The Gate Cafe at Damascus Gate was busy yesterday as the East Jerusalem population emerged from Ramadan. I sat and had a coffee with my friend Haitham and his cousin Abed, talking politics as usual. Two stories emerged that I’d like to share with you. They reflect the complicated identities of Palestinians, Arabs, Jews and Israelis.

I was meeting Abed for the first time so naturally we enquired about our respective origins and families. Abed was visiting from Germany where he had made his home in Frankfurt with his wife and children. Abed is a Muslim, from Jerusalem. Many years ago his wife immigrated to Israel from Germany. Her mother was Jewish and her father a Christian. Abed met his wife in Jerusalem, they fell in love, and were married abroad because marriage between religions is not possible under israeli law. Today they live in Germany because conditions here are not the best for a mixed marriage.

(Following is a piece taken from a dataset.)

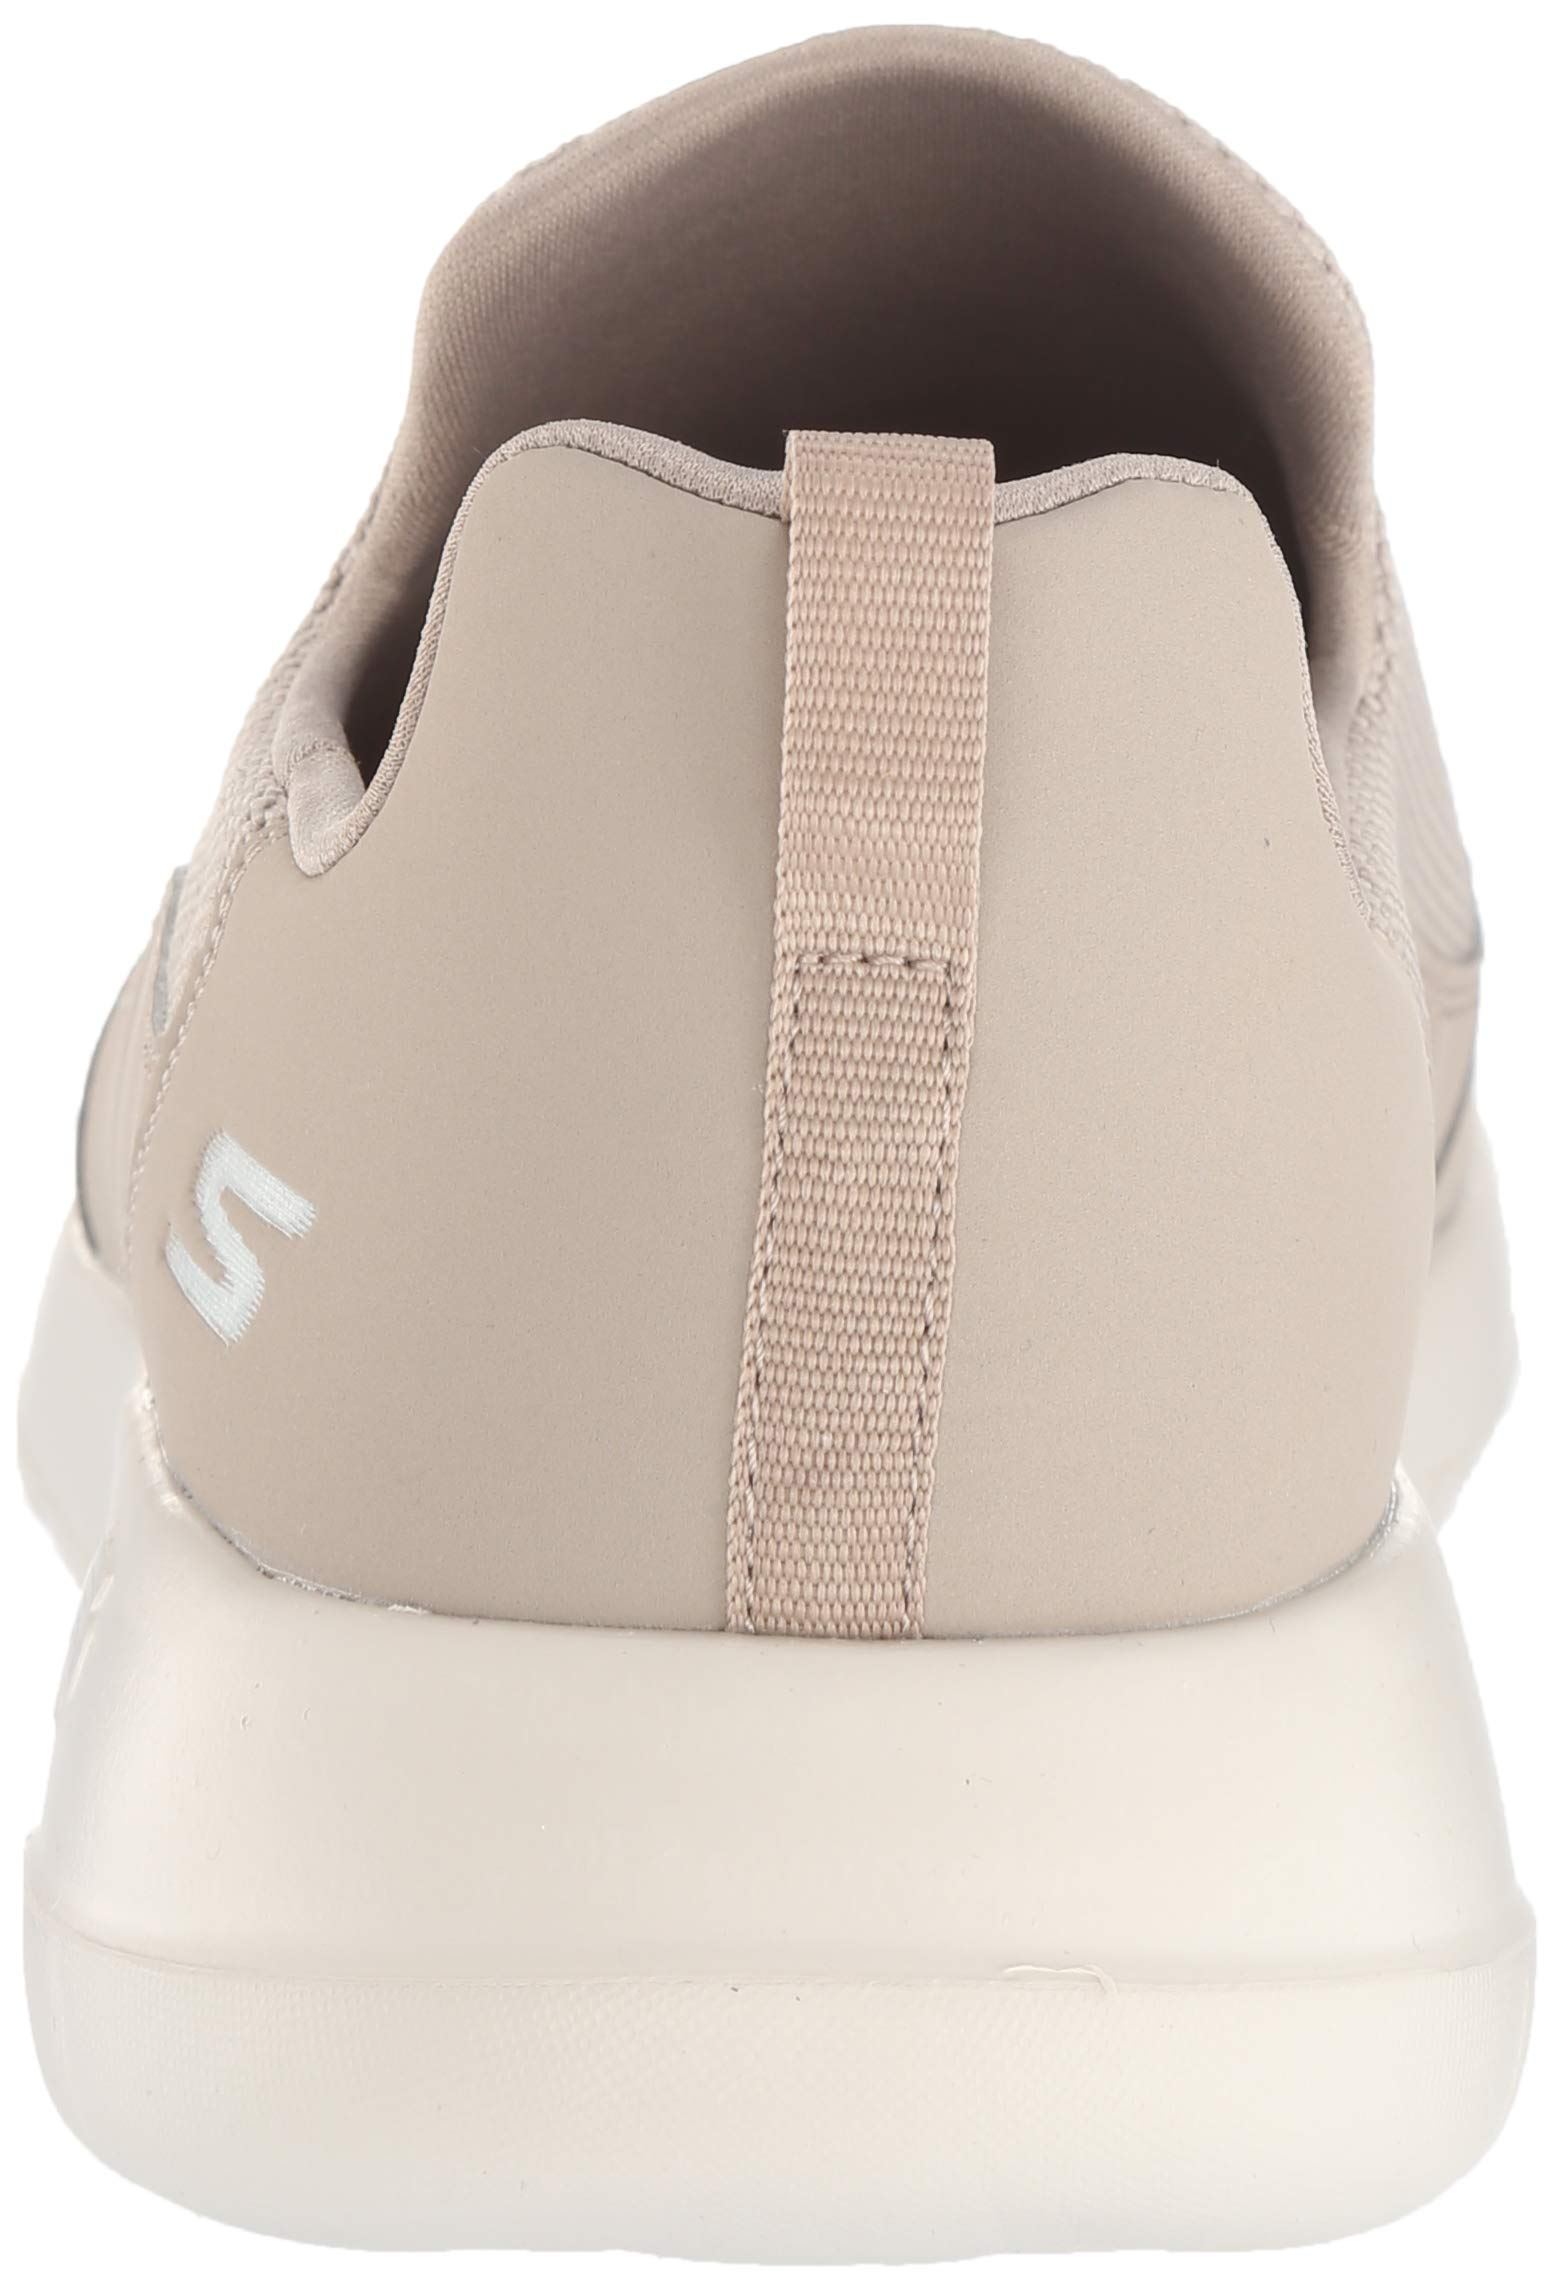 Skechers Men's Go Walk Max 54626 Sneaker

The second story I heard was about a Jewish lady who was caught behind Jordanian lines in Jerusalem at the end of the war of 1948 when Jerusalem became divided. East Jerusalem at that time was not a safe place for Jews, and a Muslim, a neighbor of Haitham’s family sheltered the Jewish lady. In the meanwhile the United Nations negotiated a cease fire and rolls of barbed wire separated East and West Jerusalem, with the Jordanians controlling the east, and Israel the west. The Jewish woman settled into life in Jordanian Occupied Jerusalem, and, in time, married the son of her benefactor.

Then in 1967 Israel conquered East Jerusalem and the woman was reunited with her shocked Israeli family. By then her nieces and nephews were in the Israeli military, and her own (Palestinian) children were gearing up to resist the Israeli Occupation.

So what’s the moral of these stories? Perhaps just to show that at a human level we can all get along here, we can even marry and have children together.